Qualcomm rose 15.2% after it also reported stronger-than-expected quarterly results, while announcing it had resolved a dispute with Huawei and signed a new license agreement.

Shortly after trading ended for the day, Amazon, Apple, Facebook and Google's parent company all reported bigger profits for the latest quarter than Wall Street had forecast. Apple also announced a 4-for-1 stock split.

Expectations were already high for each of the giants. Their stocks are all up at least 14% this year, when the S&P 500 is up just 0.5%. Amazon is up more than 65%.

Investors have continued to flock to them on expectations that their growth will only continue as the pandemic accelerates life's shift toward online. Their huge size also gives their stocks' movements great sway over index funds: The four alone account for nearly 16% of the S&P 500 by market value.

Investors are also continuing to wait for signs of progress from Capitol Hill, where Congress is debating how and whether to offer more aid for the economy ravaged by the pandemic. An extra $600 in weekly unemployment benefits from the federal government is about to expire, and that cash is growing in importance as the number of laid-off workers ticks higher.

A little more than 1.4 million U.S. workers applied for unemployment benefits last week, according to a Thursday report from the Labor Department. That's up by 12,000 from a week earlier.
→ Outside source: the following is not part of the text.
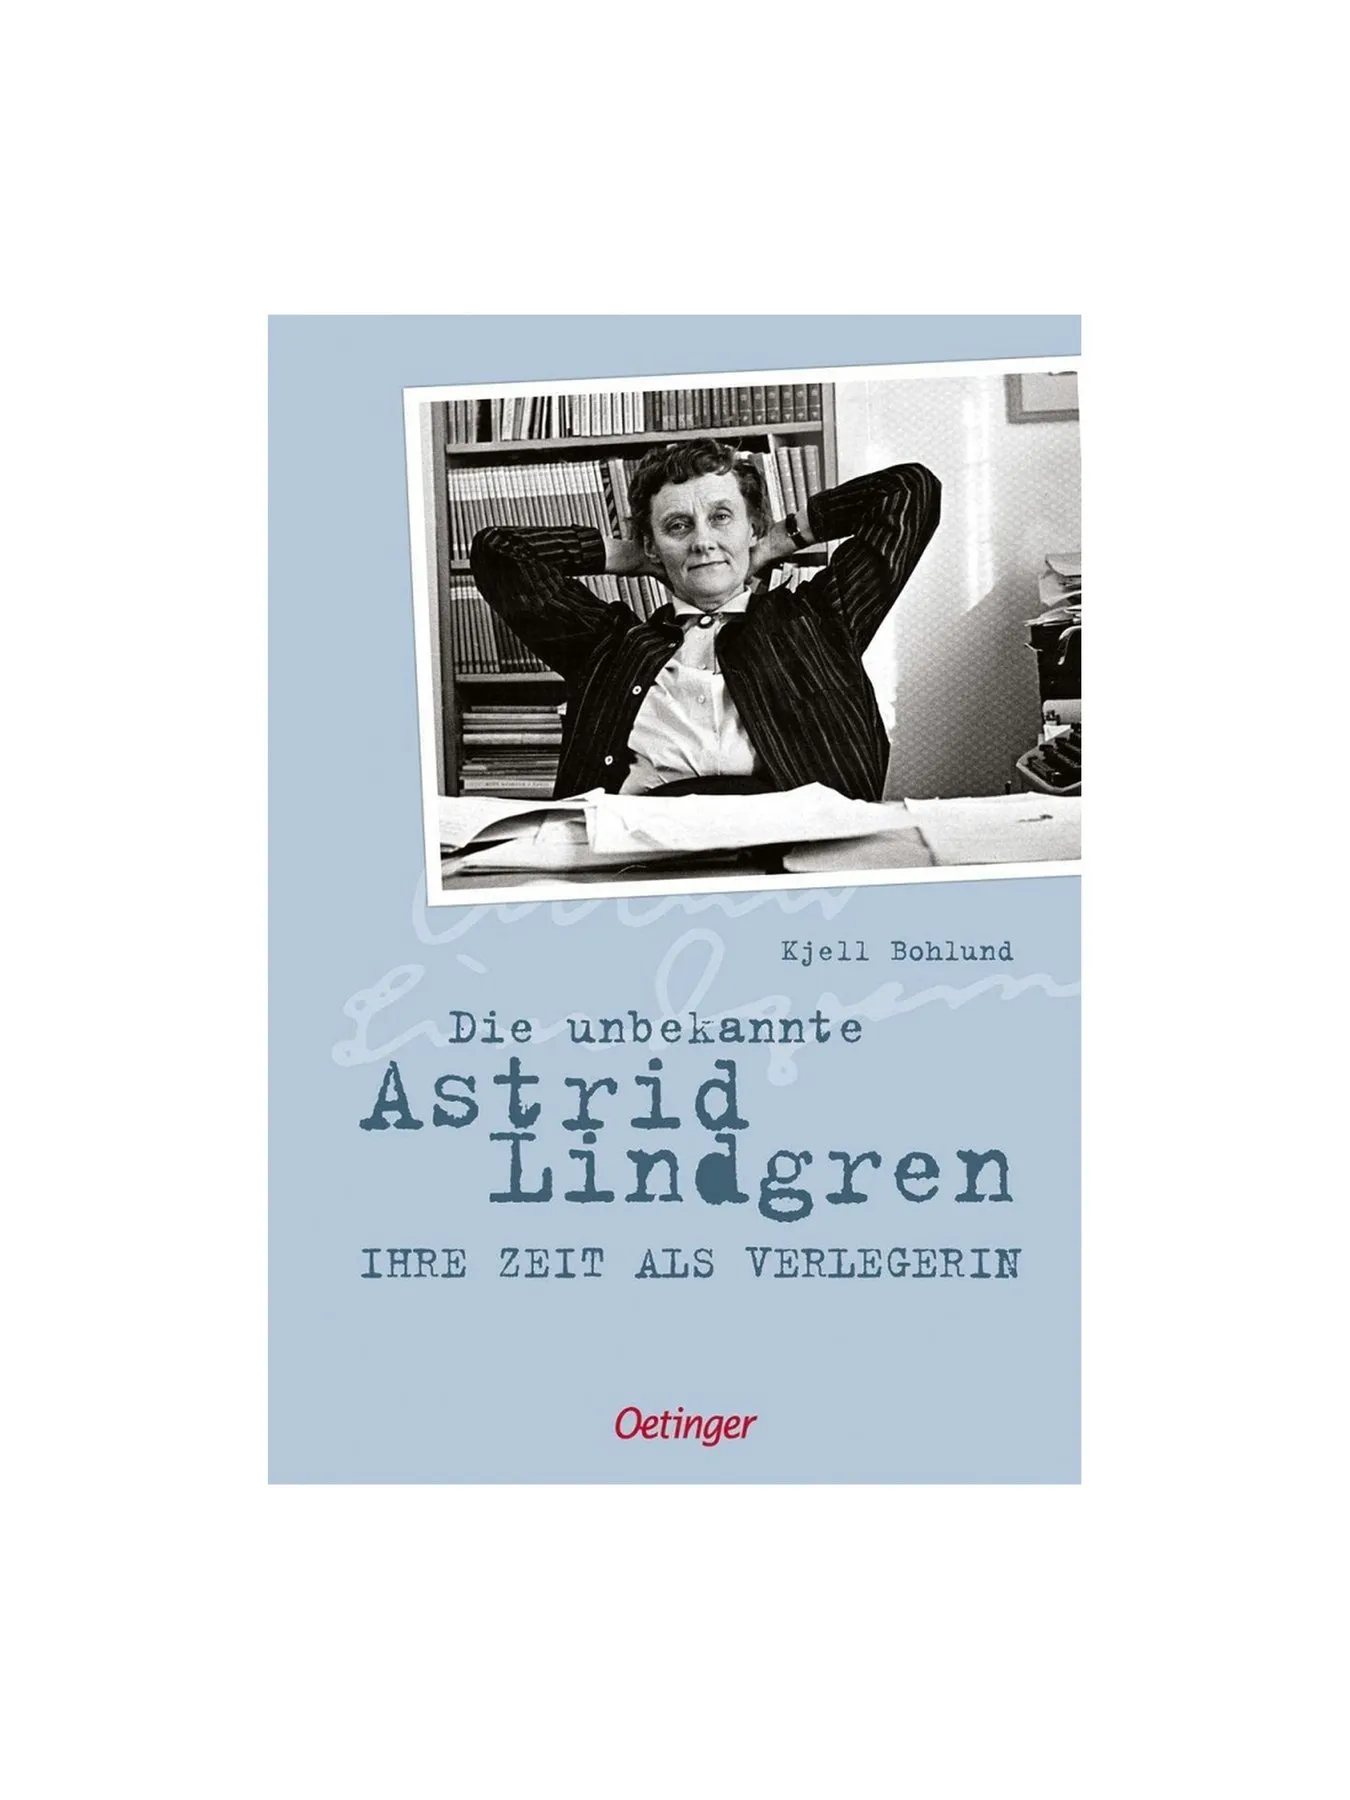 Die unbekannte Astrid Lindgren: Ihre Zeit als Verlegerin - German

Thursday's loss for the S&P 500 gave back some of its big gain from the day before, when the Federal Reserve pledged to keep interest rates at their record low but highlighted how uncertain the path is for the economy due to the pandemic. It was the second time that the index has flip-flopped on consecutive days this week.

The yield on the 10-year Treasury fell to 0.55% from 0.58% late Wednesday. It tends to move with investors' expectations for the economy and inflation.

Benchmark U.S. crude dropped $1.35 to settle at $39.32 per barrel. Brent crude, the international standard, fell 81 cents to $42.94 a barrel.

In European stock markets, Germany's DAX lost 3.5%, and France's CAC 40 dropped 2.1%. The FTSE 100 in London was down 2.3%.

In Asia, Japan's Nikkei 225 slipped 0.3%, South Korea's Kospi added 0.2% and Hong Kong's Hang Seng dropped 0.7%. Stocks in Shanghai slipped 0.2%.